QUESTION:
Given a 0-indexed integer array nums of length n and an integer k, return the number of pairs (i, j) where 0 <= i < j < n, such that nums[i] == nums[j] and (i * j) is divisible by k.
Example 1:
Input: nums = [3,1,2,2,2,1,3], k = 2
Output: 4
Explanation:
There are 4 pairs that meet all the requirements:
- nums[0] == nums[6], and 0 * 6 == 0, which is divisible by 2.
- nums[2] == nums[3], and 2 * 3 == 6, which is divisible by 2.
- nums[2] == nums[4], and 2 * 4 == 8, which is divisible by 2.
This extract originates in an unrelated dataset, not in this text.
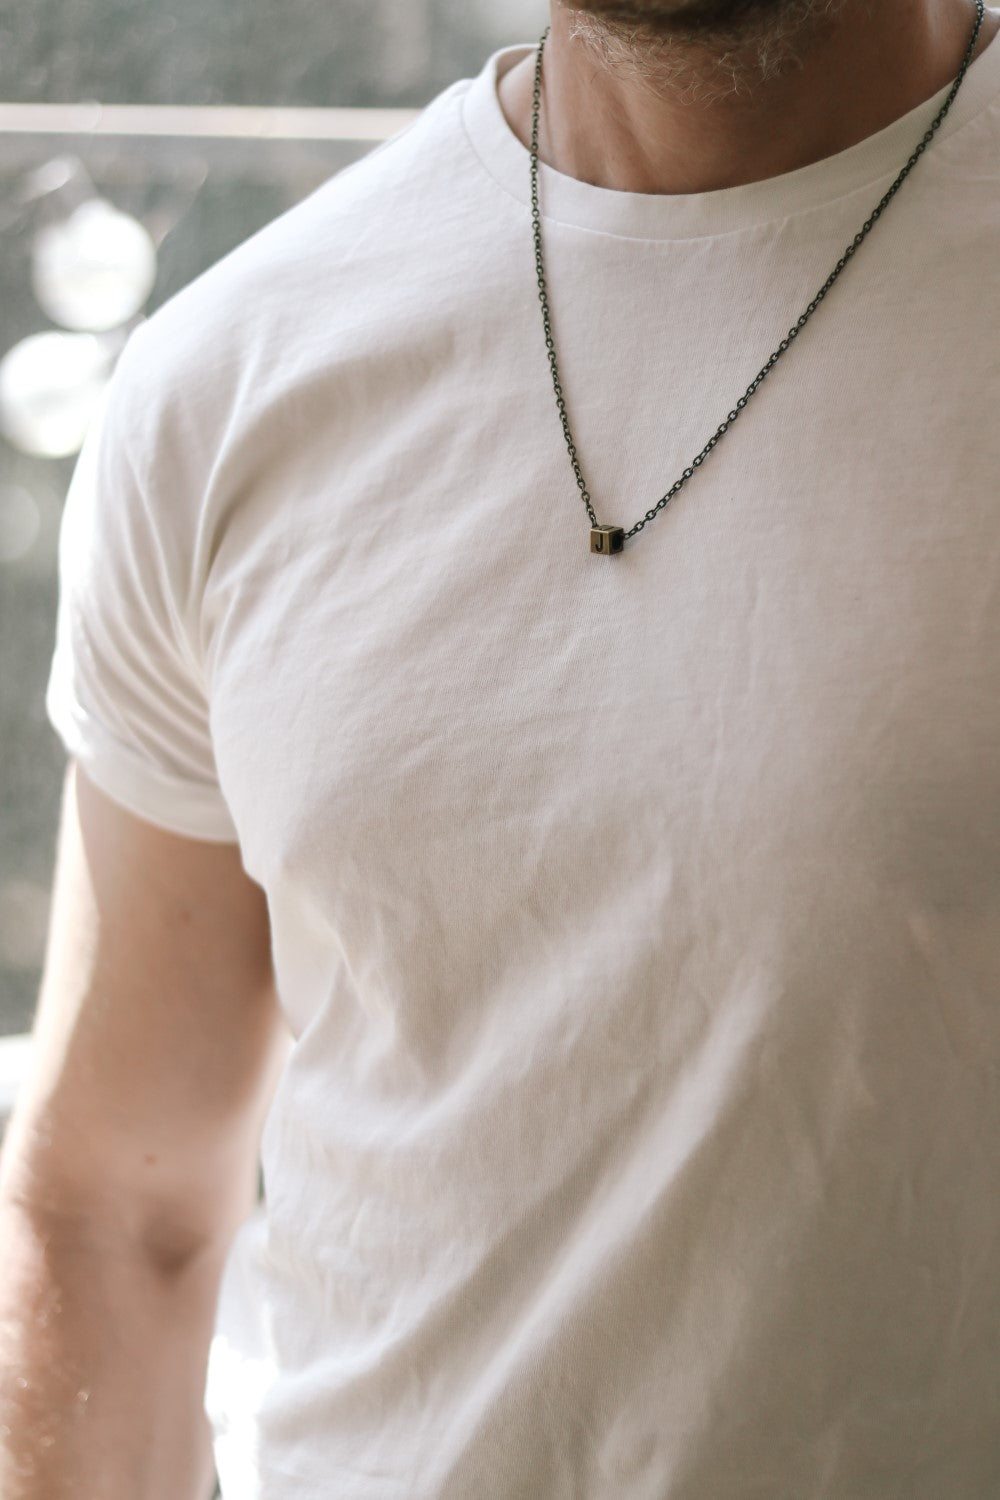 Vnox Free Personalized Custom Initial Name Bar Necklaces For Men,minimalism  Stainless Steel Plain Vertical Pendant Collar Gift - Necklace - AliExpress

- nums[3] == nums[4], and 3 * 4 == 12, which is divisible by 2.
Example 2:
Input: nums = [1,2,3,4], k = 1
Output: 0
Explanation: Since no value in nums is repeated, there are no pairs (i,j) that meet all the requirements.
Constraints:
1 <= nums.length <= 100
1 <= nums[i], k <= 100
EXPLANATION:
easy的题目, 也就是两个for循环再加上一个判断就是可以了.
SOLUTION:
class Solution {
func countPairs(_ nums: [Int], _ k: Int) -> Int {
var result:Int = 0
for indexI in 0..<nums.count {
for indexJ in indexI+1..<nums.count {
if ((nums[indexI] == nums[indexJ])
&& (indexI*indexJ)%k == 0) {
result+=1
}
}
}
return result
}
}